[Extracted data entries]
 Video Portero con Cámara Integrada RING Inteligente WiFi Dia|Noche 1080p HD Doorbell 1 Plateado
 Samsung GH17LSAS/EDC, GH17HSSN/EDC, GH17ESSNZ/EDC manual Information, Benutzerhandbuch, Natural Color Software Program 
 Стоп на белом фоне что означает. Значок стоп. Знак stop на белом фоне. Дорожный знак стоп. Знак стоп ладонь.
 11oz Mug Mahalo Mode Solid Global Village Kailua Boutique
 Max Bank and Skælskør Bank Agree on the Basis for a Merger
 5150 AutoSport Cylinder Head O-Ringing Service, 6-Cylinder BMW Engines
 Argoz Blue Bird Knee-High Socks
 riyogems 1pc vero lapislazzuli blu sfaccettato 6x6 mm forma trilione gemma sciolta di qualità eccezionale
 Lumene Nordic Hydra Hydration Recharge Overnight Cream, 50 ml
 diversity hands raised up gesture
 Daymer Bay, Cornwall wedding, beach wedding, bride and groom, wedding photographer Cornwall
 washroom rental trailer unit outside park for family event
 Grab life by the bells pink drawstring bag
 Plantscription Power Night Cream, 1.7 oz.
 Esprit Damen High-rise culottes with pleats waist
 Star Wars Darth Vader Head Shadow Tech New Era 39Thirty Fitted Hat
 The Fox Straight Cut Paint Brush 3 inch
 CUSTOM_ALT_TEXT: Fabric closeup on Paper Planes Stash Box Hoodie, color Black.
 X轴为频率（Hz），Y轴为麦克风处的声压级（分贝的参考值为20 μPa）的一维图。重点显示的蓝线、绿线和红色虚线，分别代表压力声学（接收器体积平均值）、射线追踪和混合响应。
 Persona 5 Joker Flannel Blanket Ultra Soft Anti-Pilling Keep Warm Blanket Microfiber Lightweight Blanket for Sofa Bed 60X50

Exercise goal:
Lines after the one containing "X轴为频率（Hz），Y轴为麦" are not part of the task. Output the entries exactly from their first line through that one.

Finished task:
 Video Portero con Cámara Integrada RING Inteligente WiFi Dia|Noche 1080p HD Doorbell 1 Plateado
 Samsung GH17LSAS/EDC, GH17HSSN/EDC, GH17ESSNZ/EDC manual Information, Benutzerhandbuch, Natural Color Software Program 
 Стоп на белом фоне что означает. Значок стоп. Знак stop на белом фоне. Дорожный знак стоп. Знак стоп ладонь.
 11oz Mug Mahalo Mode Solid Global Village Kailua Boutique
 Max Bank and Skælskør Bank Agree on the Basis for a Merger
 5150 AutoSport Cylinder Head O-Ringing Service, 6-Cylinder BMW Engines
 Argoz Blue Bird Knee-High Socks
 riyogems 1pc vero lapislazzuli blu sfaccettato 6x6 mm forma trilione gemma sciolta di qualità eccezionale
 Lumene Nordic Hydra Hydration Recharge Overnight Cream, 50 ml
 diversity hands raised up gesture
 Daymer Bay, Cornwall wedding, beach wedding, bride and groom, wedding photographer Cornwall
 washroom rental trailer unit outside park for family event
 Grab life by the bells pink drawstring bag
 Plantscription Power Night Cream, 1.7 oz.
 Esprit Damen High-rise culottes with pleats waist
 Star Wars Darth Vader Head Shadow Tech New Era 39Thirty Fitted Hat
 The Fox Straight Cut Paint Brush 3 inch
 CUSTOM_ALT_TEXT: Fabric closeup on Paper Planes Stash Box Hoodie, color Black.
 X轴为频率（Hz），Y轴为麦克风处的声压级（分贝的参考值为20 μPa）的一维图。重点显示的蓝线、绿线和红色虚线，分别代表压力声学（接收器体积平均值）、射线追踪和混合响应。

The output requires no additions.